Impaired driving, to me, is any time someone gets behind the wheel when their mind, body, or emotions are not fully capable of handling the responsibility of driving. That can mean drinking or using drugs, of course, but it also includes being so tired that your eyes blur, so distracted by your phone that the road becomes background noise, or so emotionally overwhelmed that you’re not really processing what’s happening around you. What makes impaired driving especially dangerous is that people often
think they’re still “okay to drive.” Even drivers who have completed
driver’s education or
traffic school can walk away remembering the
test questions and laws, but quietly believing, “I can handle more than most people,” or “I’m just a little tired, not really impaired.” That gap between what we know on paper and what we believe about ourselves is where a lot of tragedy begins.
Alcohol today, is still a major cause of impaired driving. In 2023, 12,429 people in the United States died in alcohol-impaired driving crashes about one person every forty-two minutes. (
NHTSA) Alcohol slows reaction time, blurs judgment, and makes people more likely to speed, run lights, or misjudge distance. Drugs—both illegal substances and certain prescription medications can distort perception, cause drowsiness, or make it hard to focus. At the same time, phones and in-car screens have created a different kind of impairment: distraction. Texting, changing playlists, or checking notifications takes eyes off the road and attention away from driving, even if the driver is completely sober. Fatigue works in a similar way. A driver who is exhausted may never touch a drop of alcohol, yet still drift out of their lane, miss a stop sign, or simply fail to react in time. All of these forms of impairment funnel into the same outcome: slower reactions, poor decisions, and unsafe behavior that puts everyone at risk.
One story that changed the way I think about impaired driving came from a video we watched in driver’s education. It followed a teenager who caused a crash while checking a notification at a red light. He looked down “for just a second,” rolled forward without noticing the light had changed, and hit a cyclist crossing the intersection. The video showed him telling the story years later, still struggling with the guilt of knowing that one glance at his phone permanently changed someone else’s life. Seeing his face, hearing how he had to live with that choice every day, made the issue feel personal, not abstract. It made me realize that impaired driving isn’t only about being “drunk enough” to fail a breath test; it’s about any moment where my convenience matters more to me than someone else’s safety. Since then, I’ve been much more deliberate about simple choices: silencing my phone, planning rides home before events, and being honest with myself when I’m too tired or upset to drive well.
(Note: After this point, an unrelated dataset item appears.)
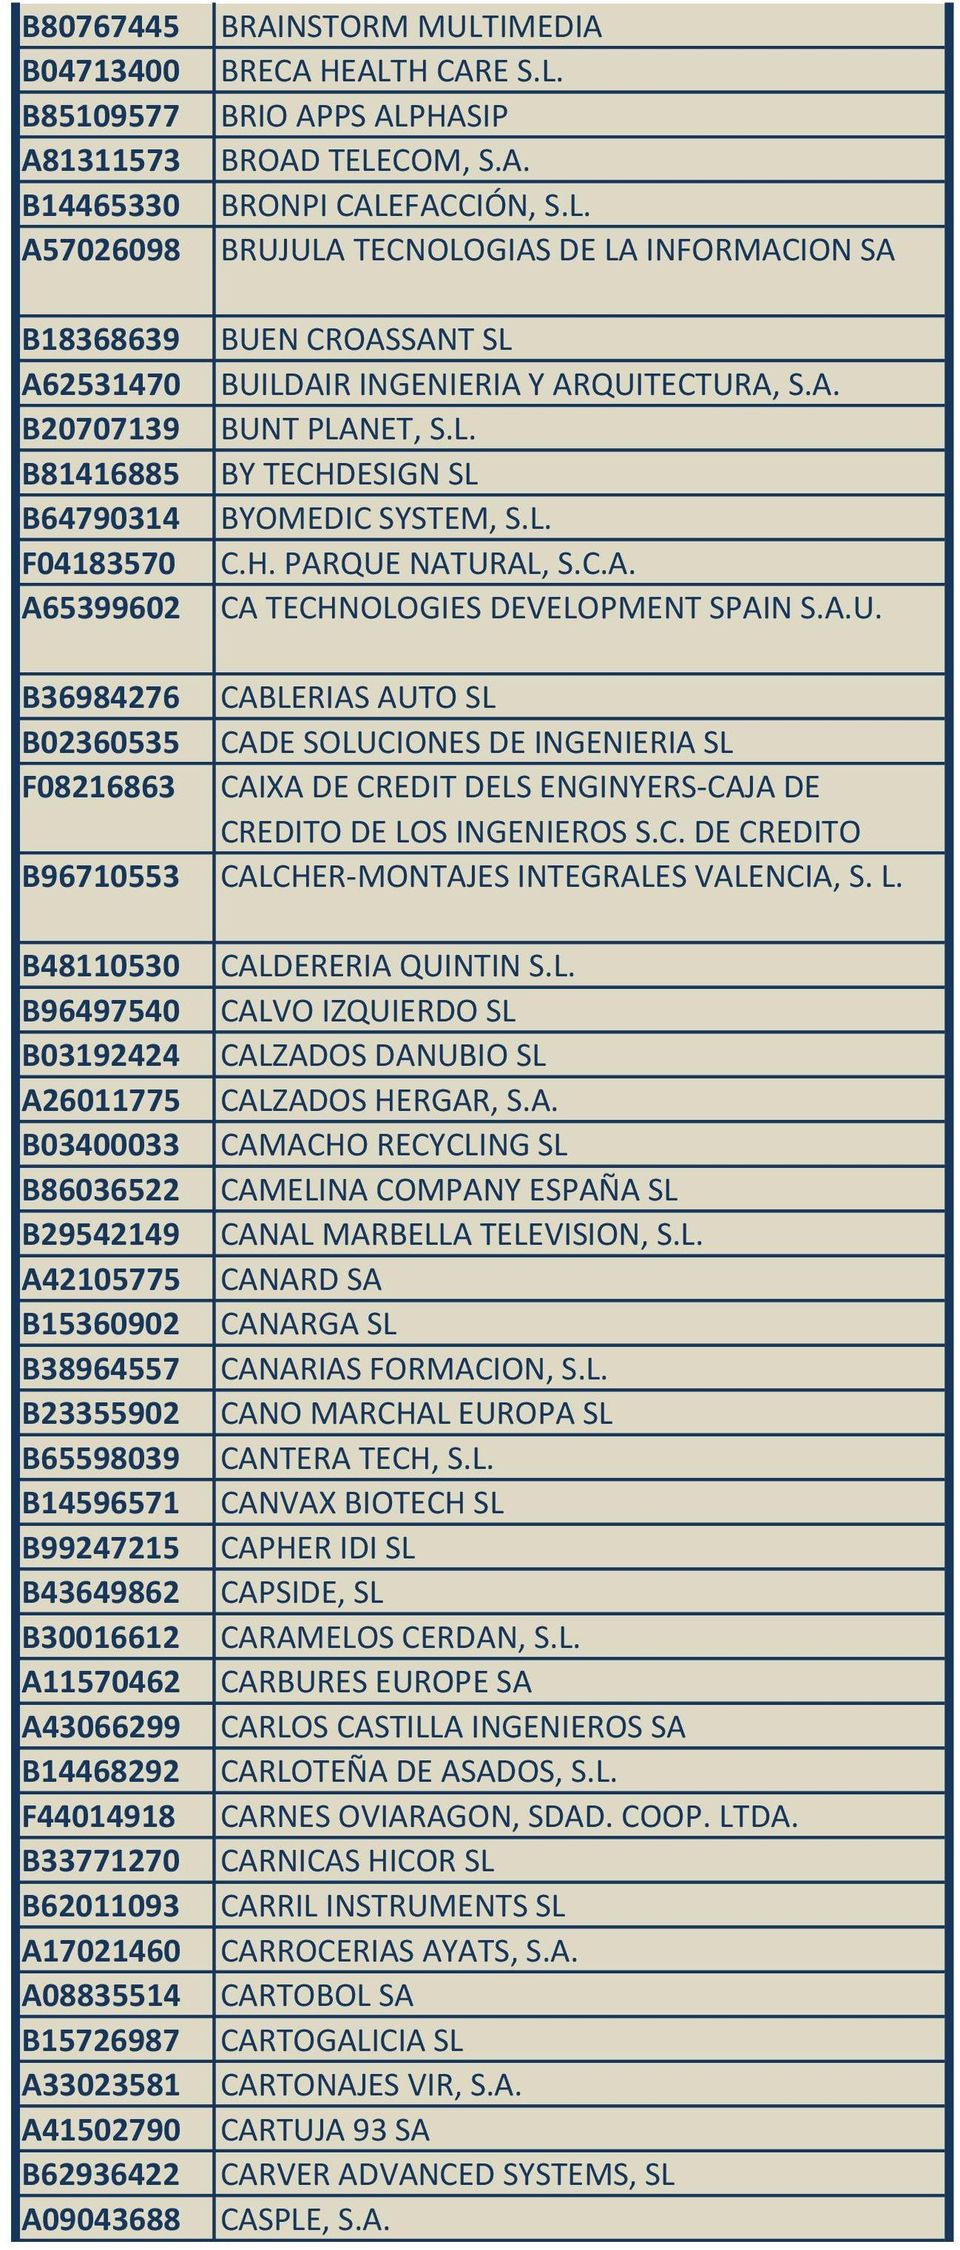 C.A. CA TECHNOLOGIES DEVELOPMENT SPAIN S.A.U. B36984276 CABLERIAS AUTO SL B02360535 CADE SOLUCIONES DE INGENIERIA SL F08216863 CAIXA DE CREDIT DELS ENGINYERS-CAJA DE CREDITO DE LOS INGENIEROS S.C. DE CREDITO B96710553 CALCHER-MONTAJES INTEGRALES VALENCIA, S.

Driver’s education and traffic school can be powerful tools for changing attitudes around impaired driving but only if they reach beyond memorizing laws. Programs are most effective when they combine clear facts with emotional impact and real-world practice. Statistics help us understand the scale of the problem. Stories from survivors, families, or first responders help us feel the cost. Simulators, videos, and scenario-based discussions show how quickly “just this once” can go wrong. When driver’s ed emphasizes decision-making like planning a designated driver, using ride share, or choosing to pull over rather than power through fatigue it turns safety into a skill, not just a rule. Traffic school for people who have already made a mistake can also be a turning point if it challenges excuses (“I was fine,” “everyone does it”) and replaces them with concrete strategies to avoid ever being in that situation again.
Personally, I believe I have a role to play in preventing impaired driving, even as a single student and young driver. First, I can commit to my own non negotiable: not driving after drinking, not riding with someone who is impaired, choosing to sleep or get a ride rather than drive exhausted, and keeping my phone out of my hands while I’m behind the wheel. Second, I can speak up when friends or family start to rationalize risky decisions. That might mean offering to drive, calling a ride for someone, or simply saying, “I care about you too much to be okay with this.” Third, I can use what I learn from driver’s education and safety campaigns to influence others sharing information in conversations, school projects, or even on social media, where a quick reminder or statistic can spark someone else to think twice.
Impaired driving is often framed as a problem of “other people” reckless strangers we imagine out on the road but the truth is that it’s a daily choice made by ordinary drivers. Driver’s education and traffic safety courses give us the information and tools we need, but it’s up to each of us to turn that knowledge into action. By taking my training seriously, challenging harmful attitudes, and modeling safer habits, I can help make impaired driving less acceptable in my circle. If enough of us do that, we don’t just pass a class or a test we help protect lives, including our own.